** INFORMATION follows **

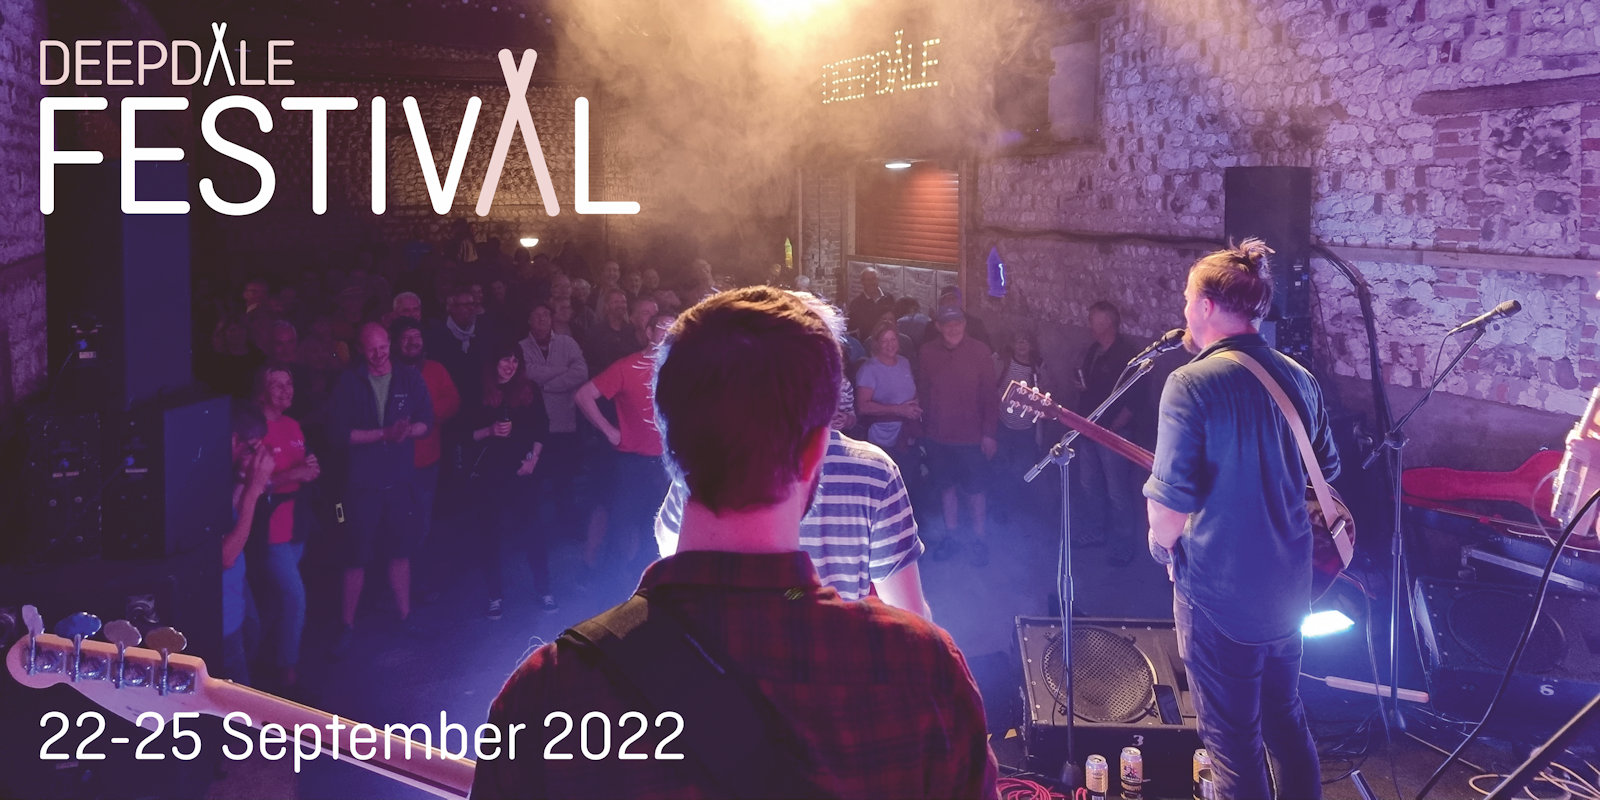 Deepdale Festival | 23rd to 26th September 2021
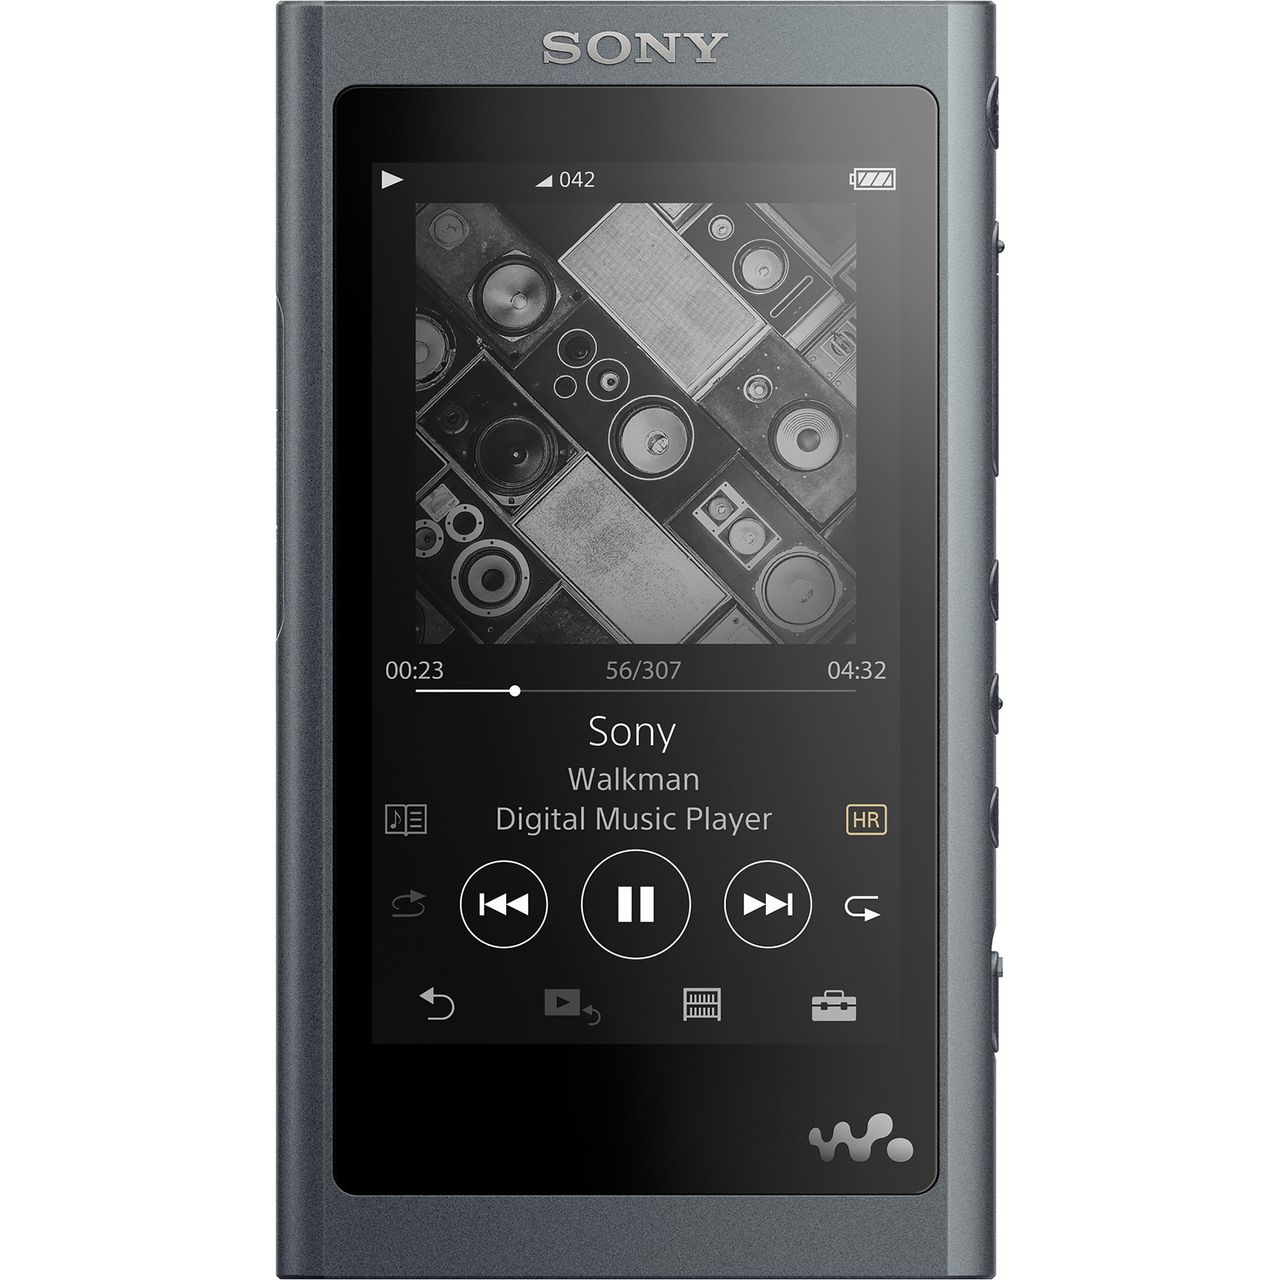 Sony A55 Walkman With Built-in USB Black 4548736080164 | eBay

** End of INFORMATION **
** INFORMATION follows **

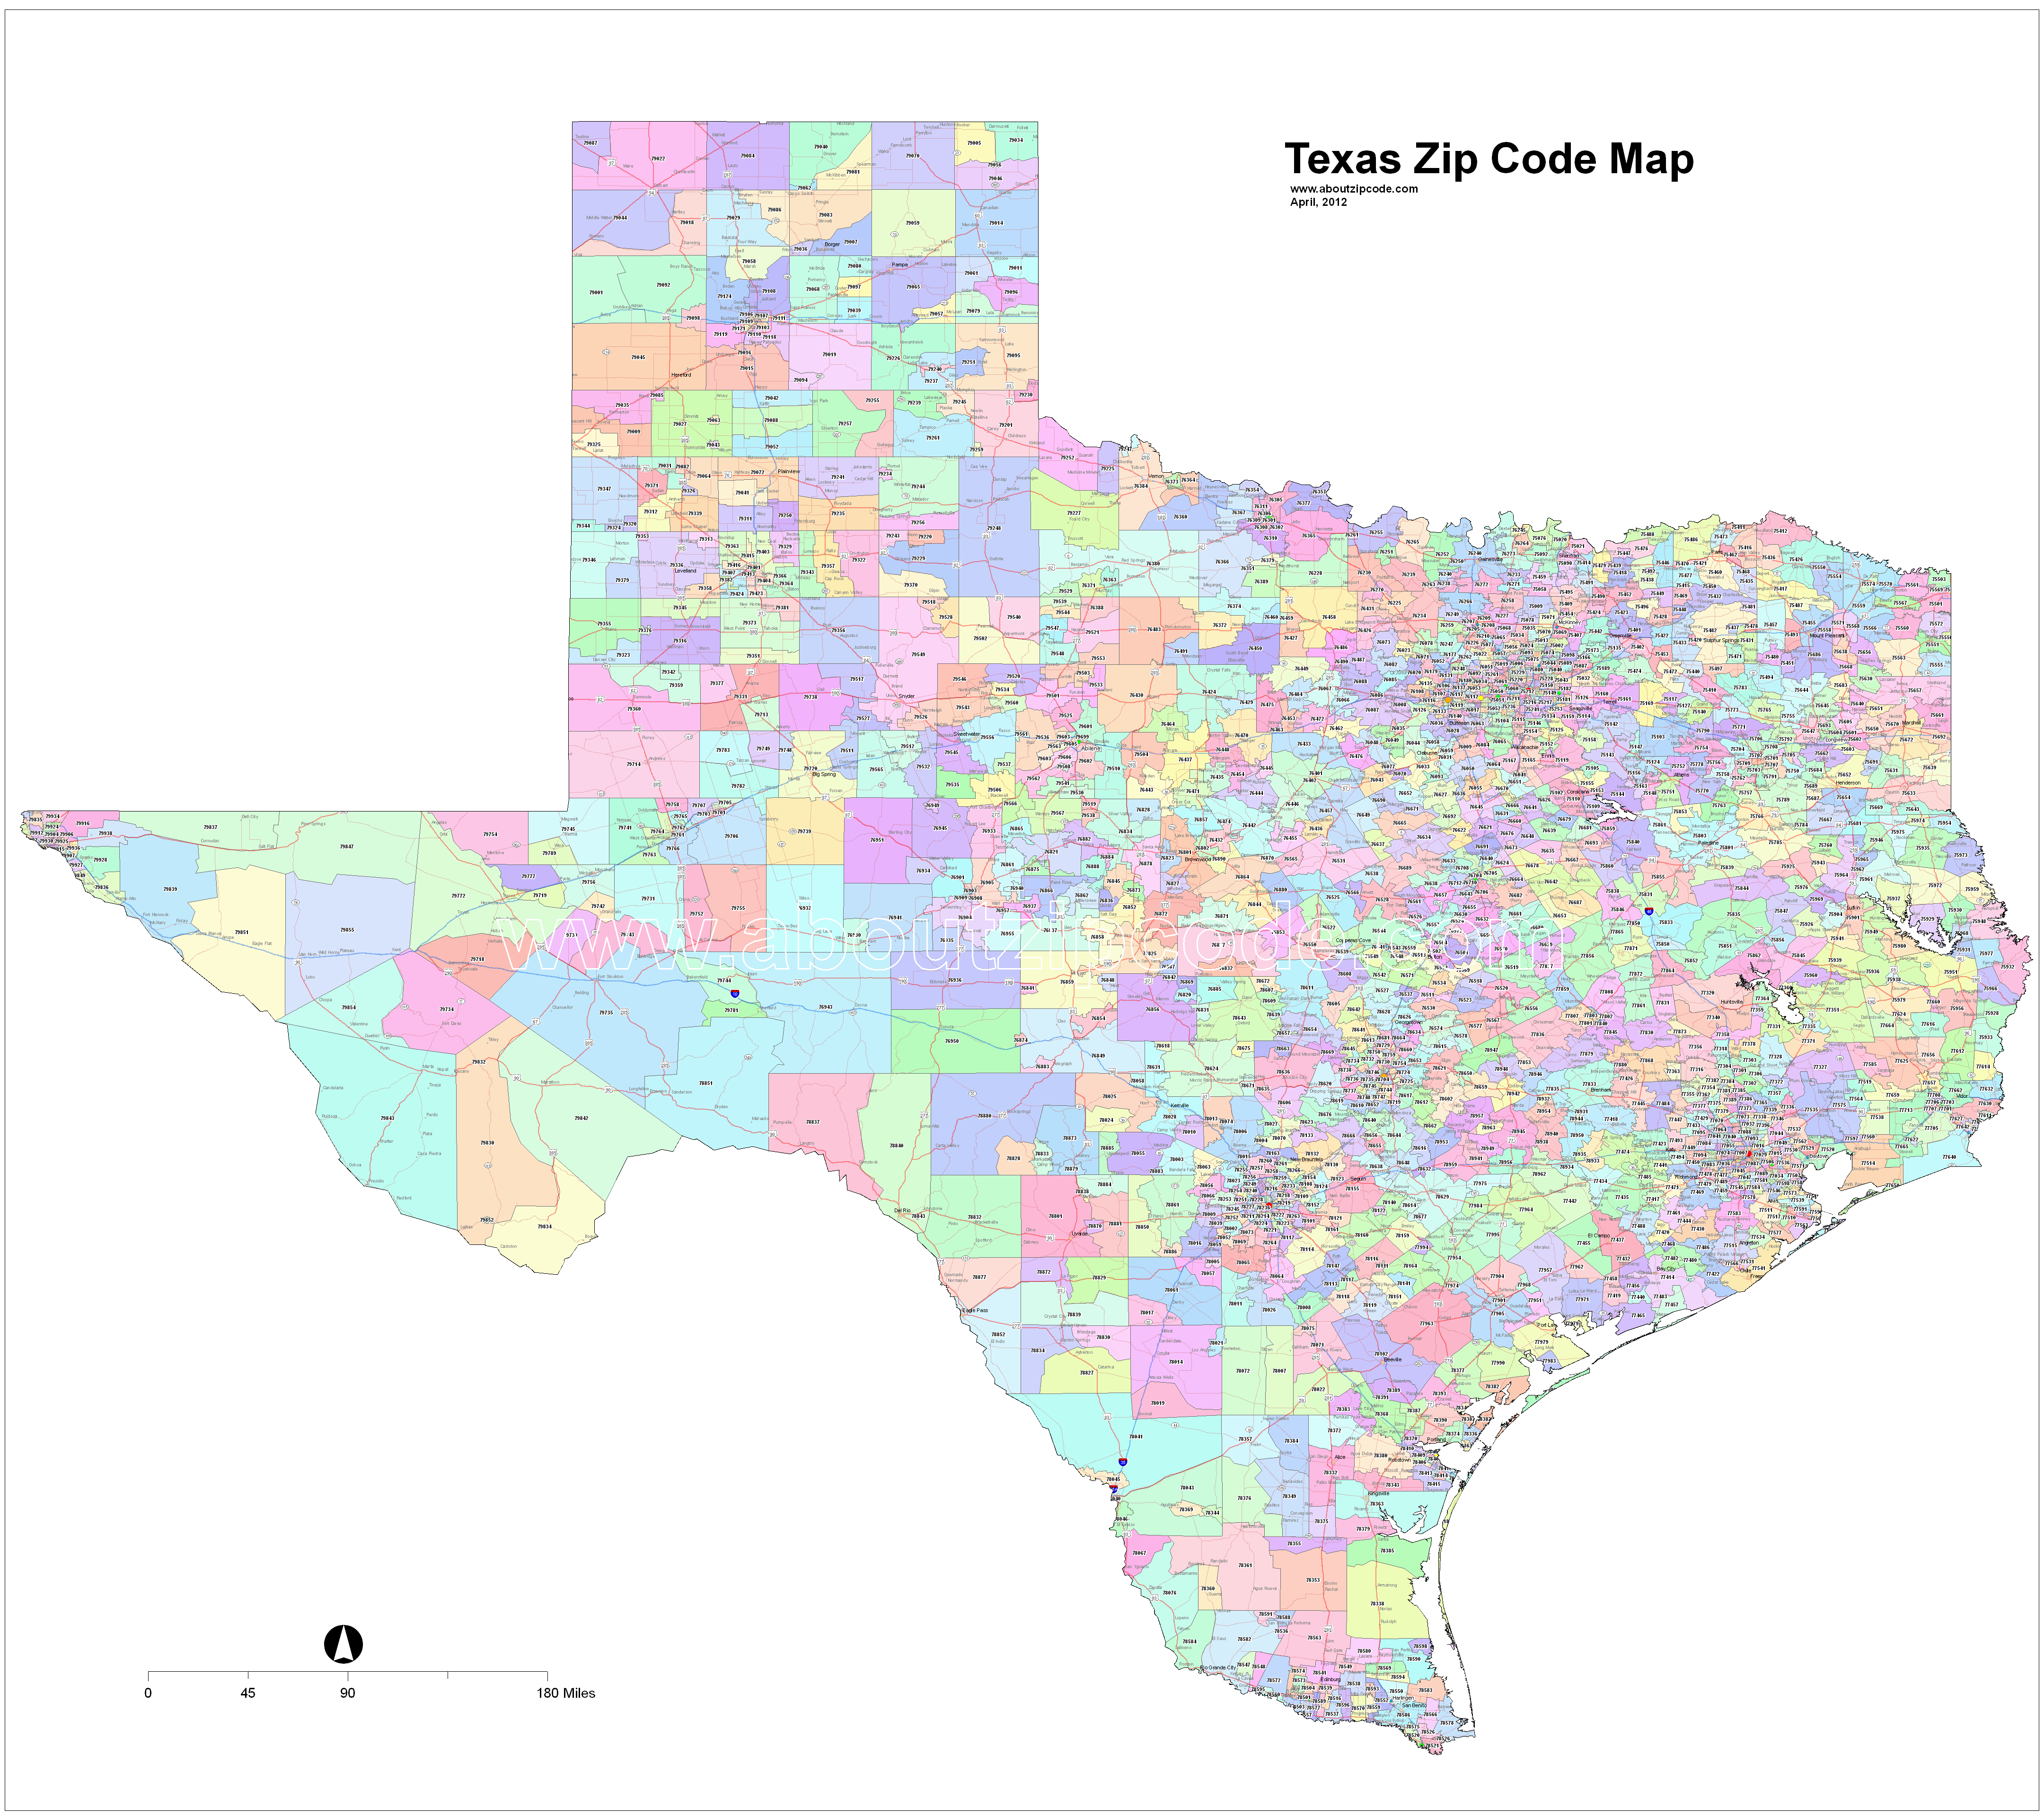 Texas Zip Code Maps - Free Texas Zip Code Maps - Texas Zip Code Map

** End of INFORMATION **

Word for word, restate the lines above from the one with "Deepdale Festival |" through the one with "Sony A55 Walkman", keeping both ends and dropping the pictures.

 Deepdale Festival | 23rd to 26th September 2021
 Sony A55 Walkman With Built-in USB Black 4548736080164 | eBay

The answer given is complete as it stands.